%%
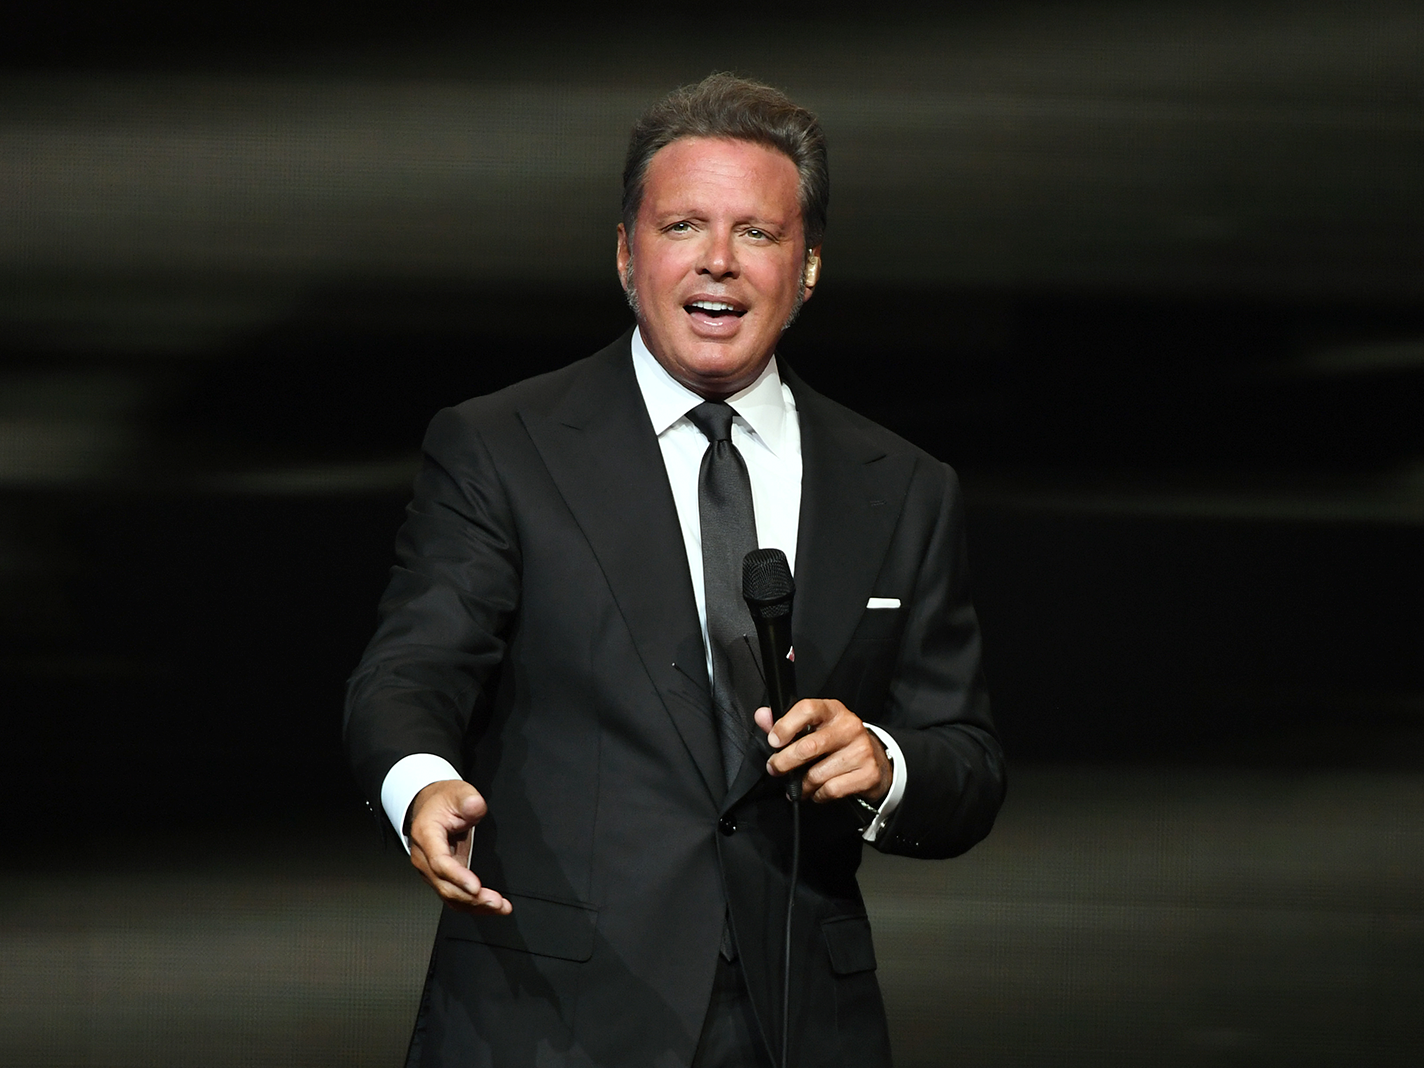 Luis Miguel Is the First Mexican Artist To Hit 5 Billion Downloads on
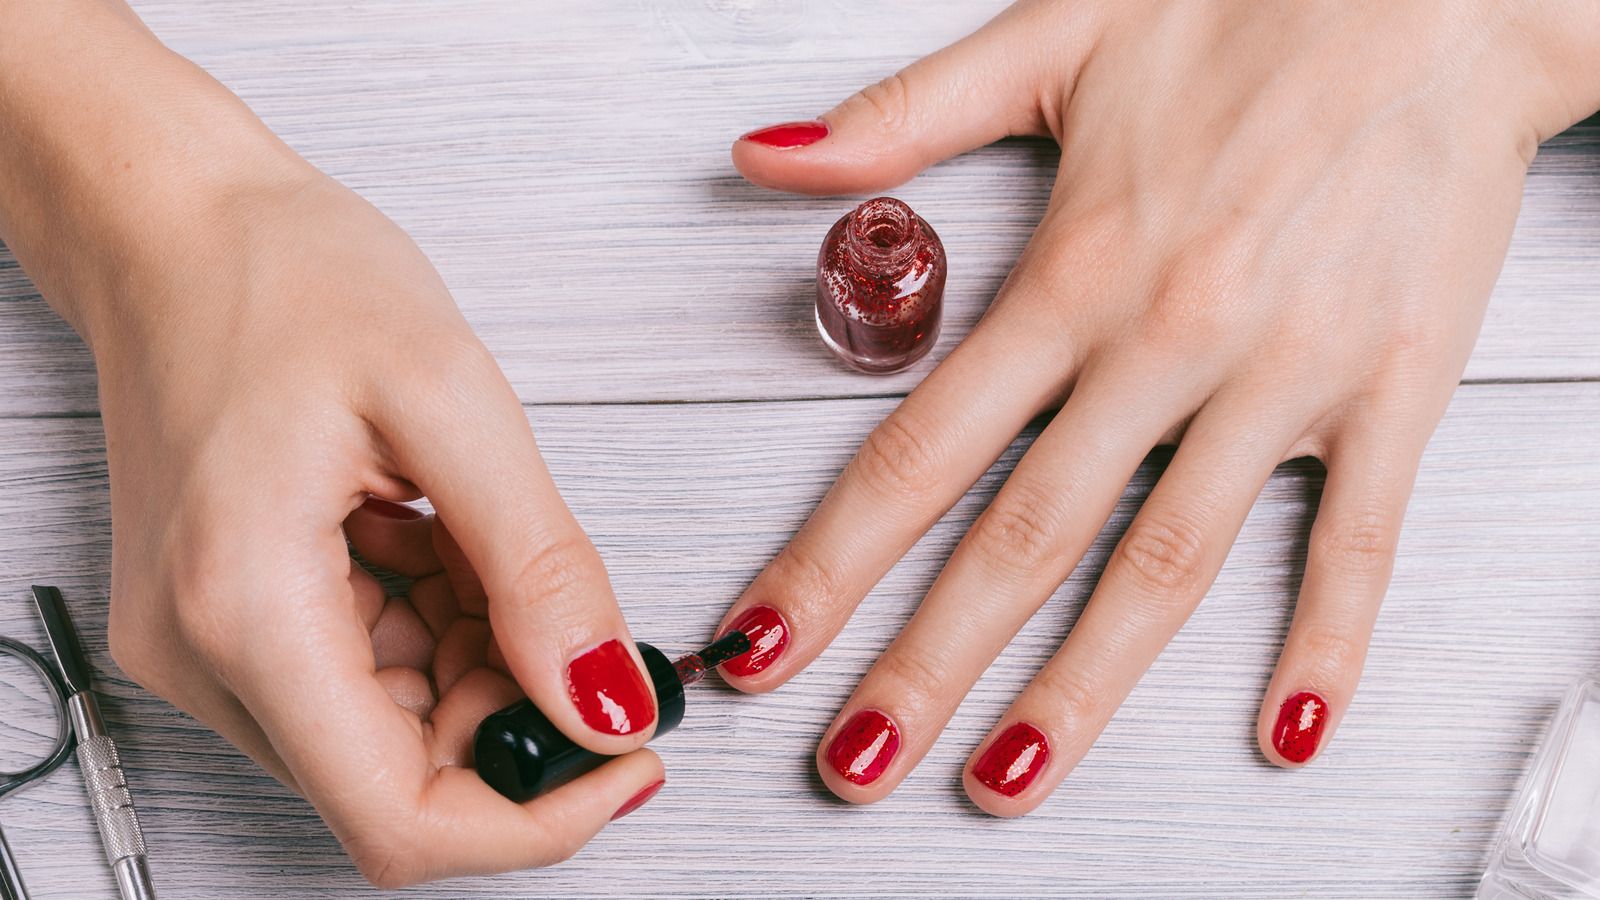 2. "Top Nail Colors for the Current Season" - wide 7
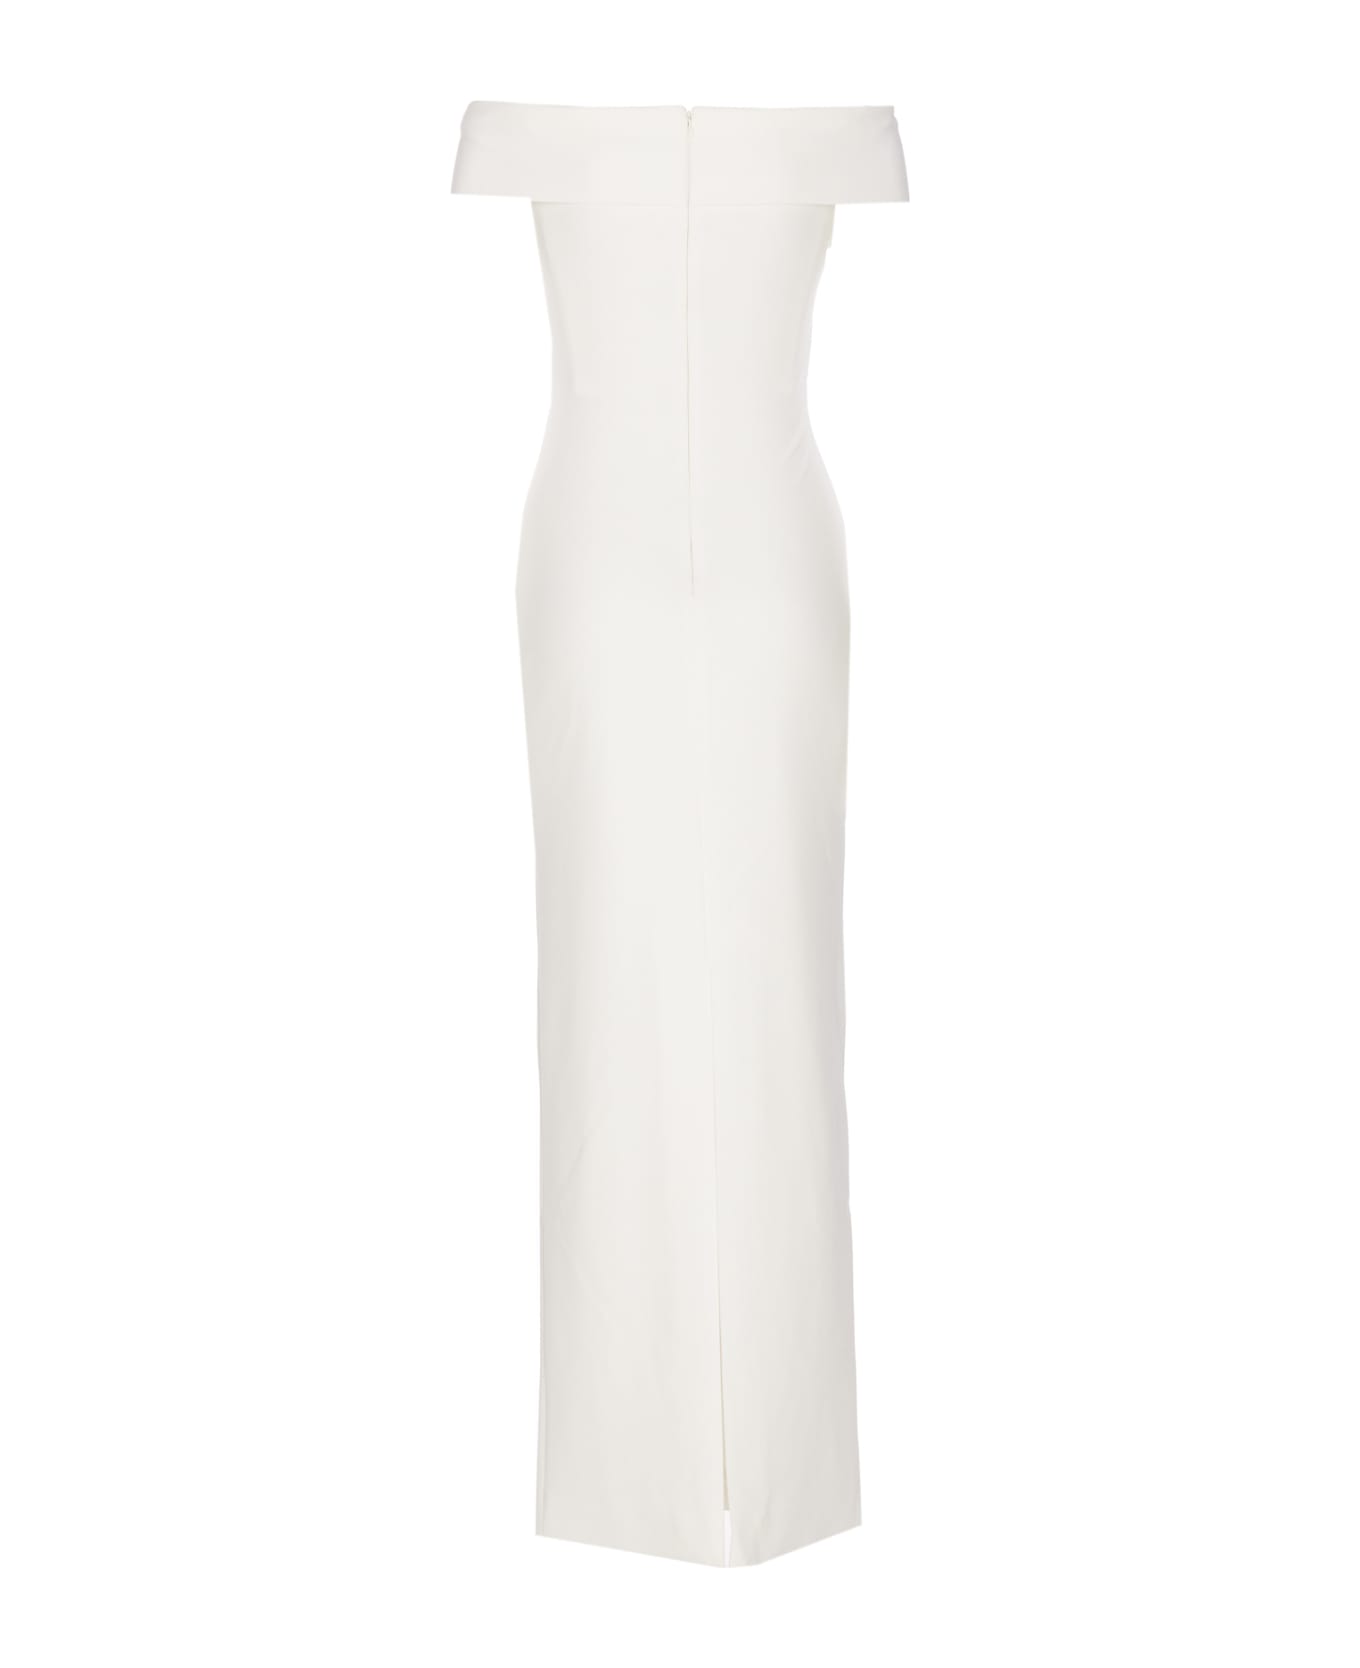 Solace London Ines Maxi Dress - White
%%
ASSIGNMENT → The range to set down runs from the line containing "Nail Colors for" through the final line of the data, both ends included; give it exactly and drop the pictures.

OUTPUT →
 2. "Top Nail Colors for the Current Season" - wide 7
 Solace London Ines Maxi Dress - White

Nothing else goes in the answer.